PROVIDED MATERIAL:
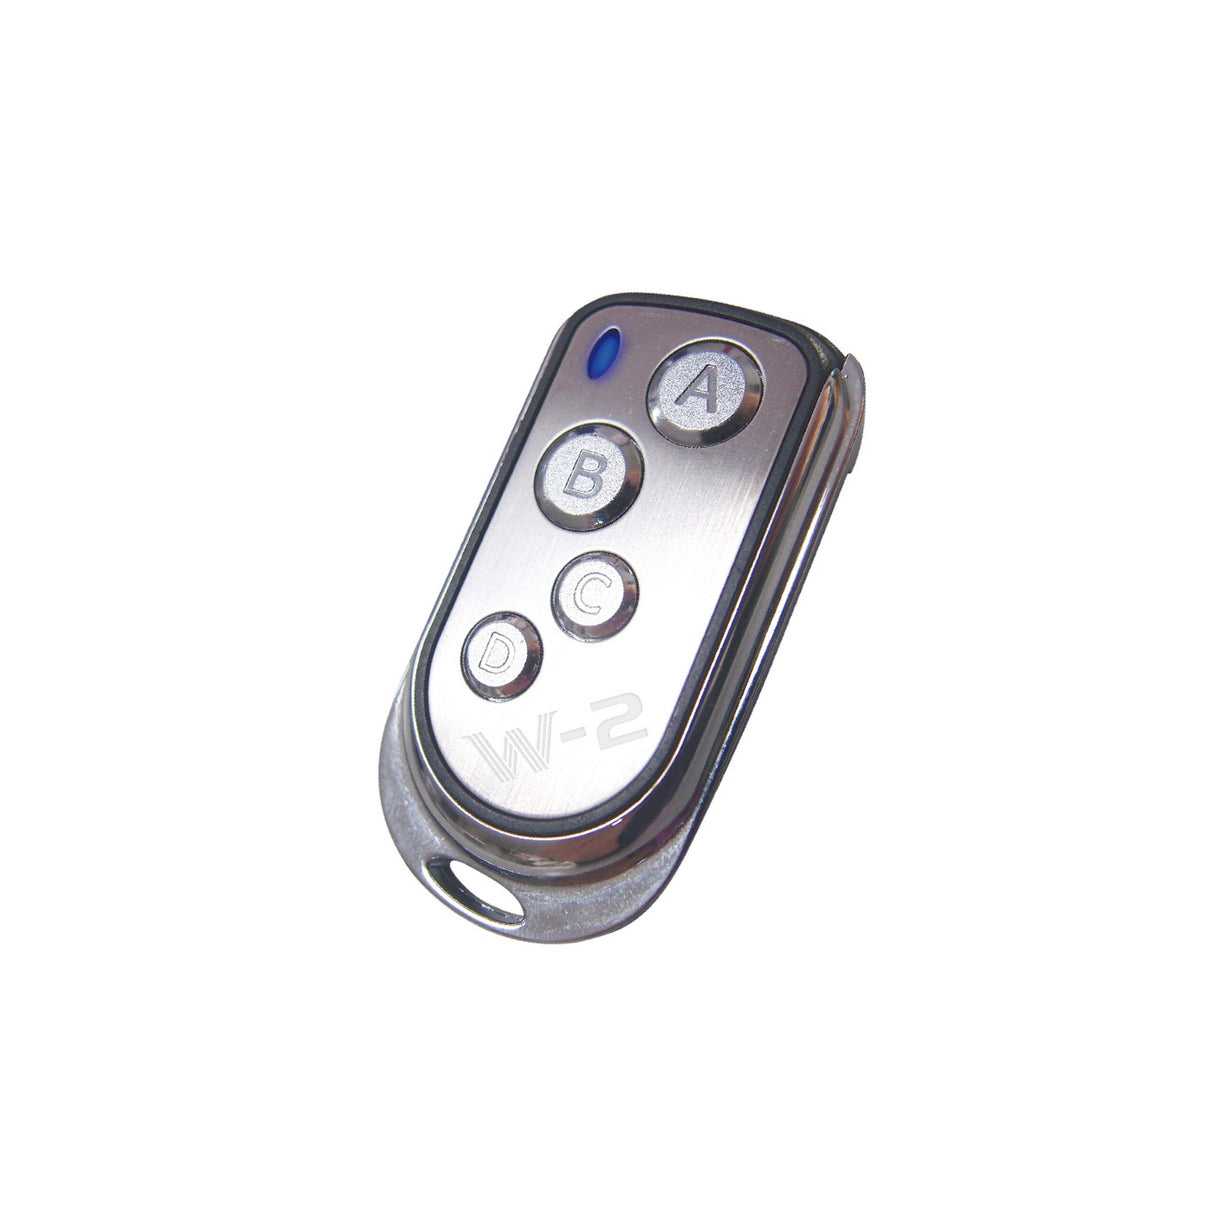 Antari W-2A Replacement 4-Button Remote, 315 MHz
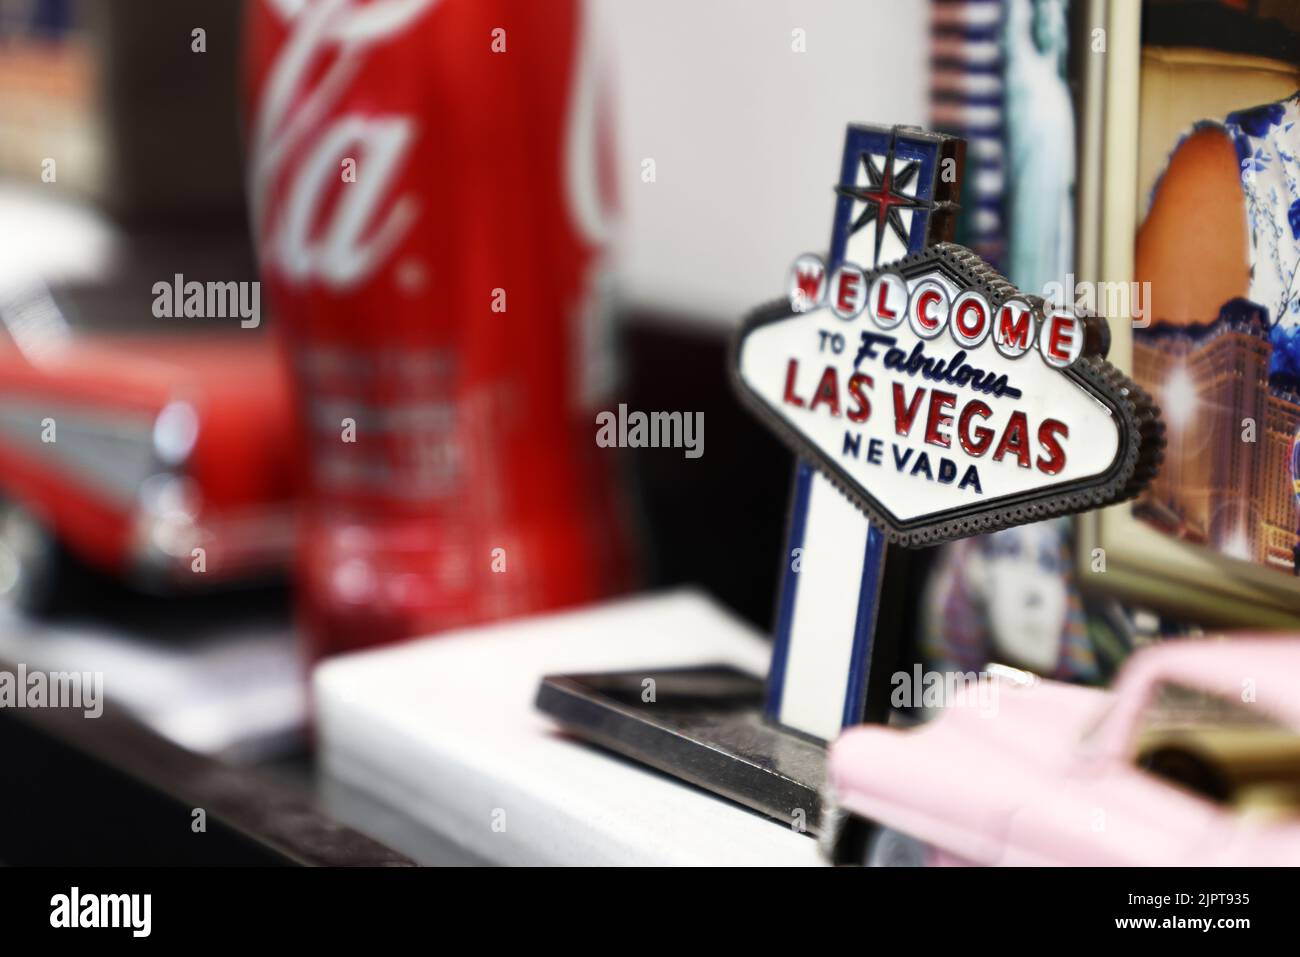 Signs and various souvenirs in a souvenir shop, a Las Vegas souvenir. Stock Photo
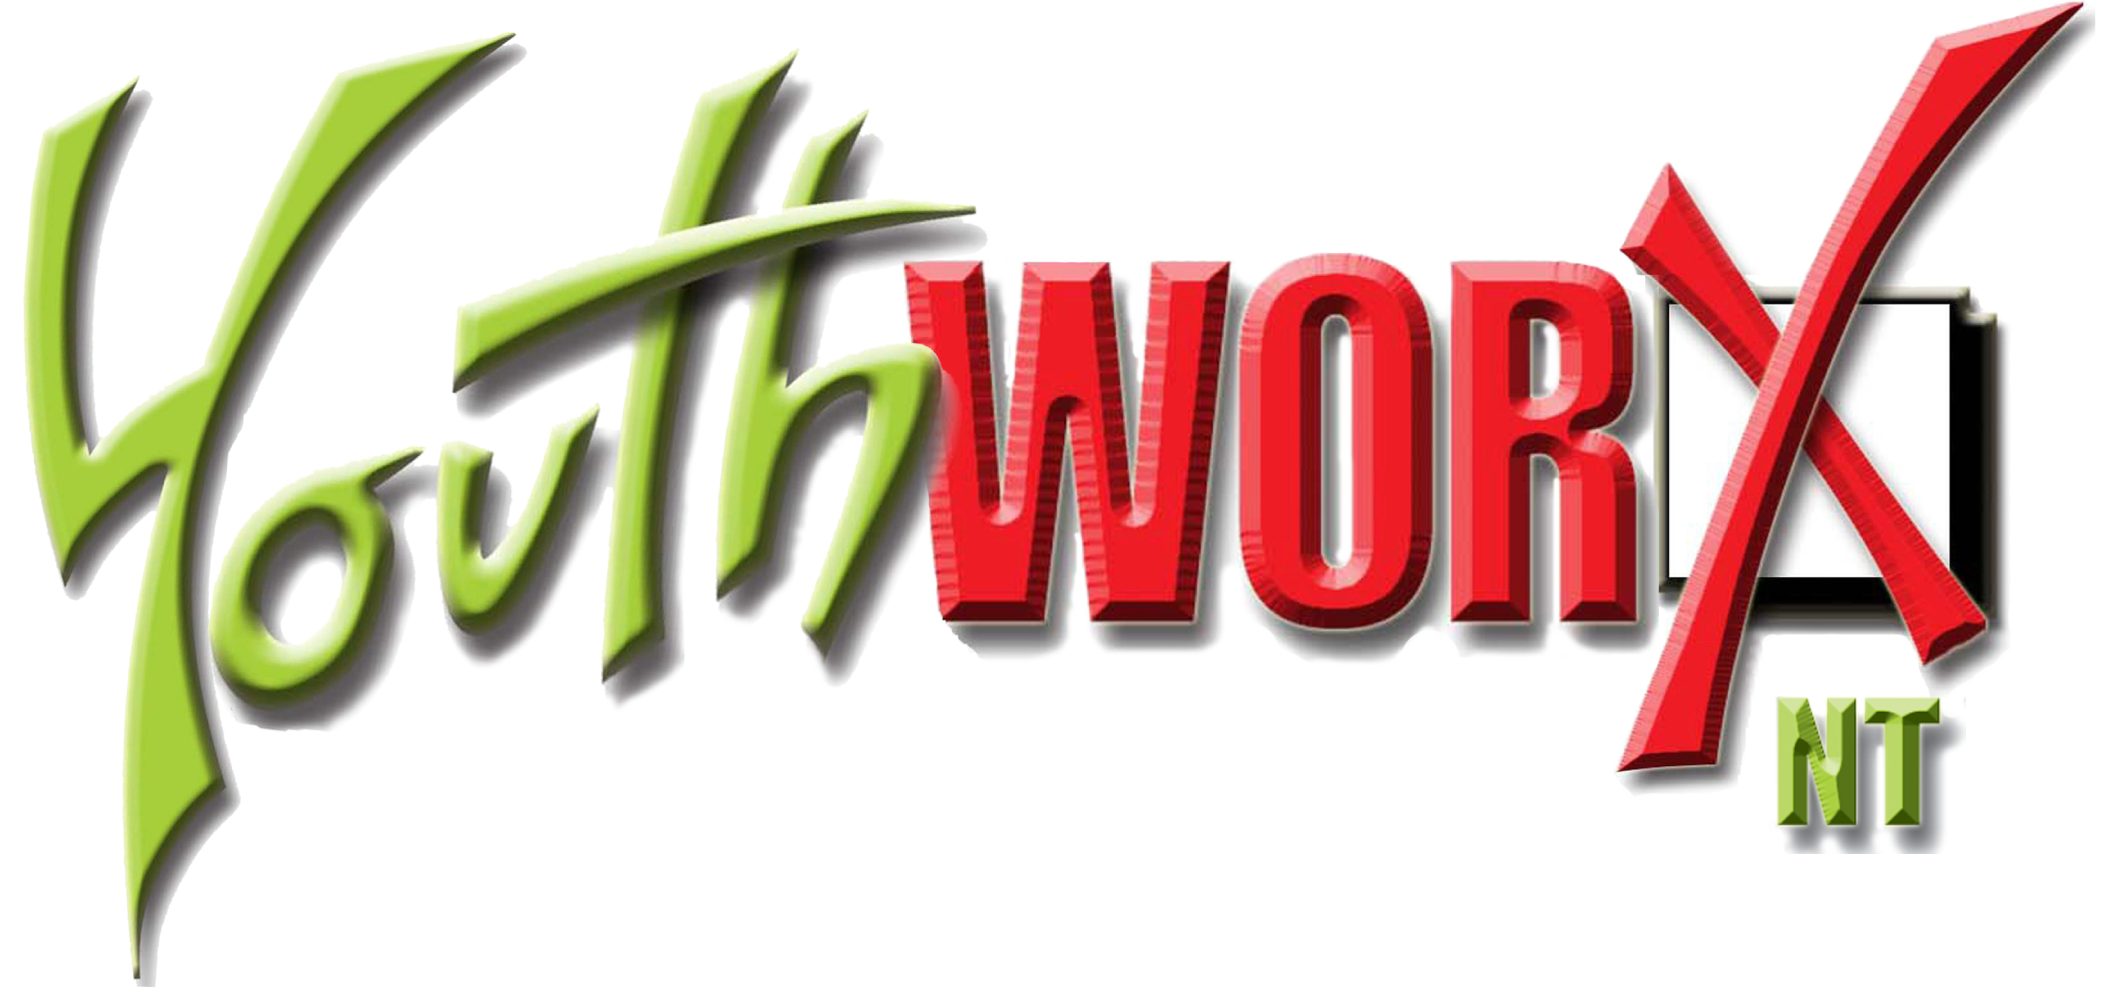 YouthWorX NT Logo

HOW TO COMPLETE THIS TASK:
Transcribe all the material exactly; skip every image.

ANSWER TO THIS EXERCISE:
 Antari W-2A Replacement 4-Button Remote, 315 MHz
 Signs and various souvenirs in a souvenir shop, a Las Vegas souvenir. Stock Photo
 YouthWorX NT Logo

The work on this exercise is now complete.